Decision Date14 May 2014
Docket NumberNo. CV–14–369.,CV–14–369.
Citation433 S.W.3d 884,2014 Ark. 219
CourtArkansas Supreme Court
PartiesDoralee CHANDLER, Candidate for Circuit Judge, District 20, Division 5, Appellant v. Mark MARTIN, in his Official Capacity as the Secretary of STATE for The State of Arkansas; James Bargar, Paul Foster, and Betty Pickett, in their Official Capacities as Commissioners of the Faulkner County Election Commission; L.C. Ratchford, Doyle Ragland, and G.C. Blair, in their Official Capacities as the Commissioners of the Searcy County Election Commission; Stephen James, Jim Kirkendoll, and Bob Patterson, in their Official Capacities as the Commissioners of the Van Buren County Election Commission; and Harry G. Foster II, Appellees Leslie Steen, in his Official Capacity as Clerk of the Supreme Court of Arkansas and Arkansas Court of Appeals, Third–Party Appellant v. Harry G. Foster II, Third–Party Appellee.

OPINION TEXT STARTS HERE

Dugger Law Firm, Little Rock, by: Terry Dugger, for appellant.

Martha Adcock, General Counsel, and L. Justin Tate, Associate General Counsel, for appellee Secretary of State Mark Martin.

David L. Hogue, for appellee Faulkner County Election Commission.

Jeff Rosenzweig, for appellee/third-party appellee Harry G. Foster, II.

Bristow & Richardson, PLLC, Jonesboro, by: Bill W. Bristow, for third-party appellant Leslie Steen.

CLIFF HOOFMAN, Justice.

Appellant Doralee Chandler and third-party appellant Leslie Steen, in his official capacity as Clerk of the Supreme Court of Arkansas and Arkansas Court of Appeals, (collectively appellants) appeal from a Pulaski County Circuit Court's order, denying Chandler's petition for writ of mandamus and declaratory judgment and granting the third-party complaint filed by appellee the Honorable Harrison (Harry) G. Foster II (Foster).
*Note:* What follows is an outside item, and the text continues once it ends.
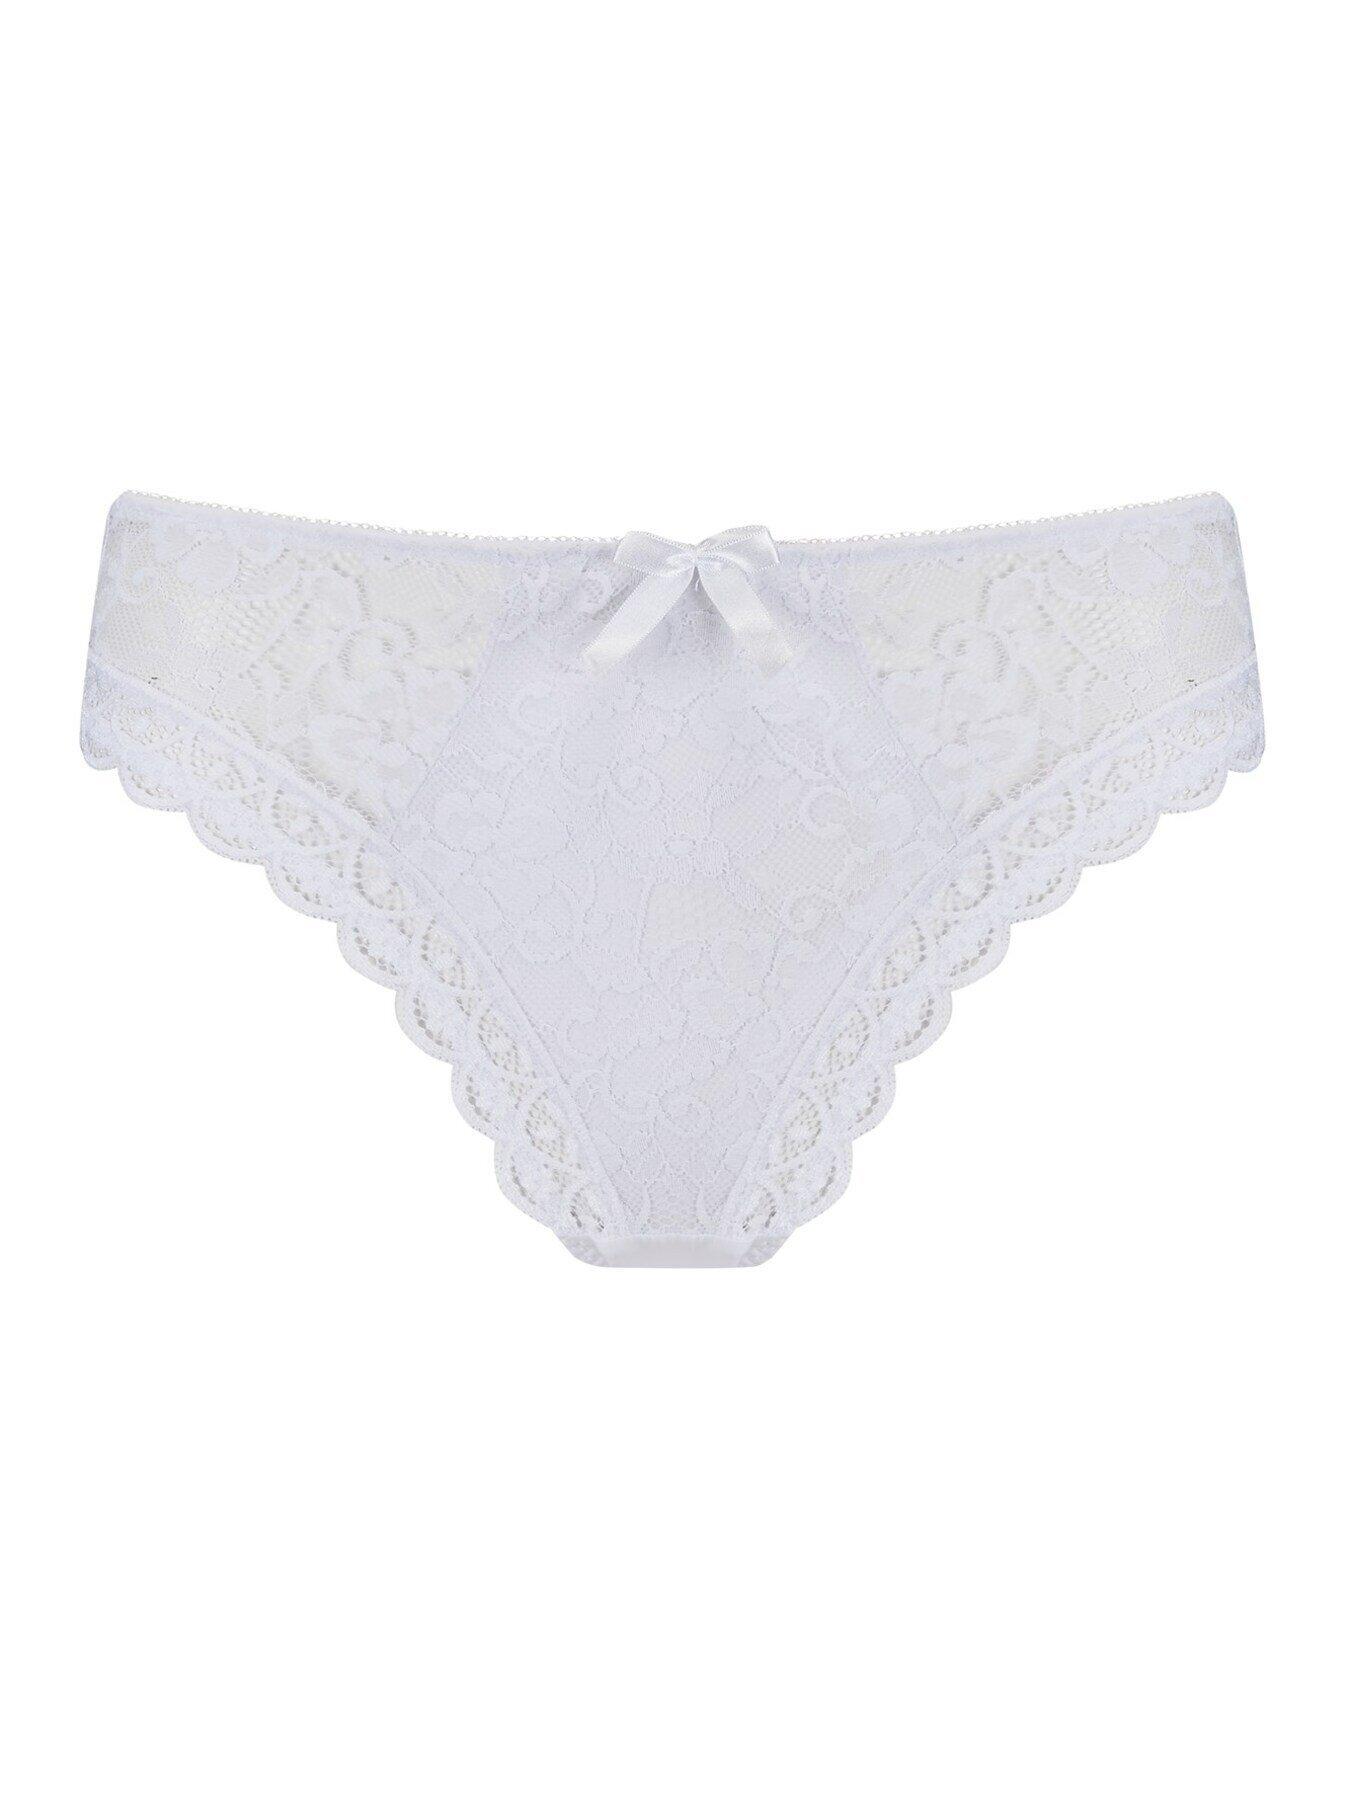 White High Waisted Knickers made in the UK - What Katie Did

This court has jurisdiction of this appeal under Arkansas Supreme Court Rule 1–2(a)(4), as this appeal pertains to elections and election procedures. On appeal, Chandler contends that (1) the circuit court improperly determined that Foster was not “unlicensed” pursuant to Rule VII(C) of the Rules Governing Admission to the Bar (Rule VII(C) or “the Rule”), thereby improperly finding that he is qualified to seek the position of circuit judge despite his failure to timely pay his licensing fee four of the six consecutive years prior to the time for taking office, if elected; and (2) the circuit court improperly determined that Foster's suspension of his license to practice law due to his failure to timely renew his fee was a violation of his due-process rights. Steen also contends on appeal that the trial court erred in declaring Rule VII(C) unconstitutional and should be reversed. We affirm the circuit court.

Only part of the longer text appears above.